Hi Juanito! I agree wholeheartedly about the proposal.
In fact, that is what I am researching before making any proposal. So yeah, as a user I'm kind of floundering, but I'm looking for clues.
Proposal:Any attempt to add a uefi-boot option to the current 64-bit iso needs to be done by someone who actually owns uefi-only hardware. Not just a VM. Not just a copy of the uefi specs. Not just an older box that has csm switchable options. Basically post-2016 hardware. Keep it generic. Ie, don't put a sticker on the release saying "only bootable on Intel NUCS".

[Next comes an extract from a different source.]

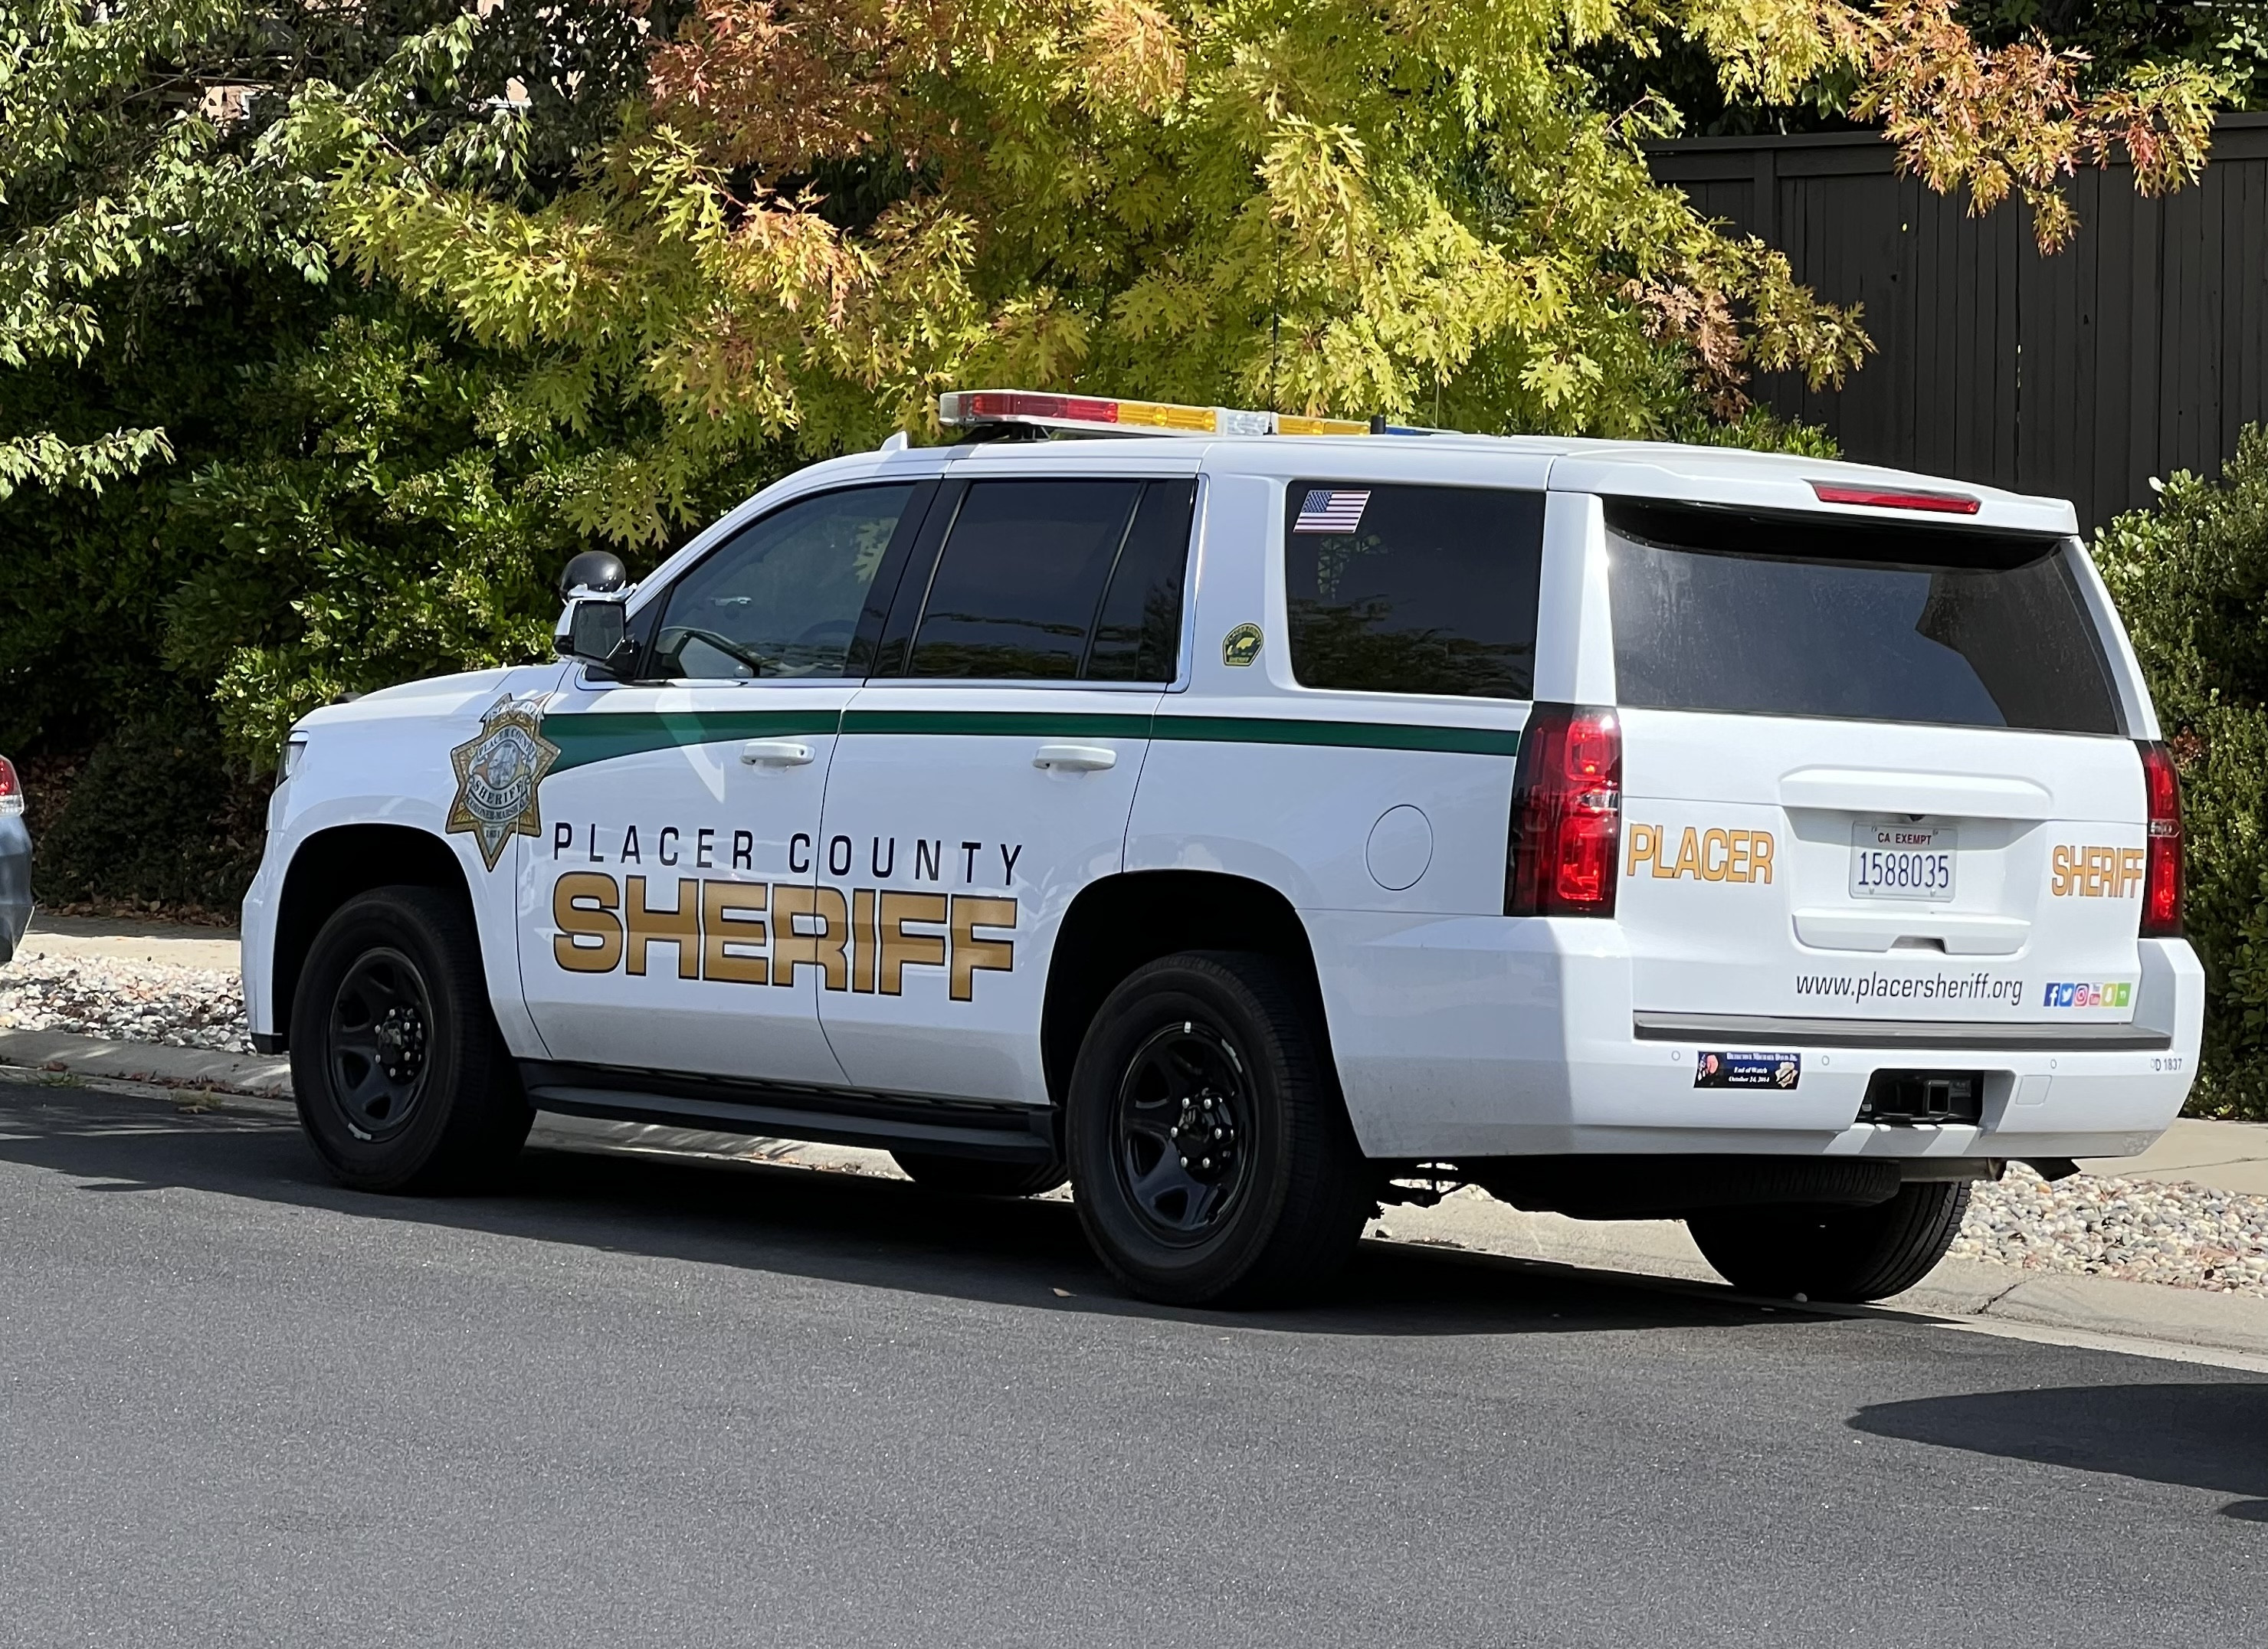 A photo  of Placer County Sheriff
            Cruiser 1837, a 2015-2019 Chevrolet Tahoe             taken by @riemergencyvehicles

Example: Netbsd long supported some archaic hardware that nobody actually owned anymore, but it passed their automated compilation toolchain with a tweak here or there. Then they find out that when someone tried it on *actual hardware*, it hadn't been bootable for 7 or 8 years or more. (Cobalt? I'll have to look it up)
DESIGN
Should someone be able to just DD, or use some other method like Gparted Live does it where you can mount an iso (or unarchive and zip) and merely copy files to a preformatted fat32 partition?
STRUGGLING
As a mere user, I'm trying my best to find options on my own suggest how to make an iso convenient to use in post-2016 hardware for others seeking the true TC path of enlightenment as a user.
Chicken-and-egg
If the 64-bit iso won't boot on post 2016 hardware, they certainly aren't going to get to the point of using tc-install for convenience. And no, not everyone scarfs up aging 32-bit machines to use a proposed improvement to the tc-install. So we're back to the iso. If that is to be offerred, that has to be able to bootstrap itself onto modern boxes.
Am I making sense? Any lurkers out there with skills (and actual uefi-only hardware) much larger than mine that can lend a hand to the project and help see it forward? Make improvements to tc-install? Make the iso bootstrappable on it's own?
And coordinate with the devs of course so we aren't turning TC into something else!
So even here as a faithful (L)user, I'm looking at whatever I can do for a possible solution. Anyone here with dev skills have an answer and want to pitch in with code?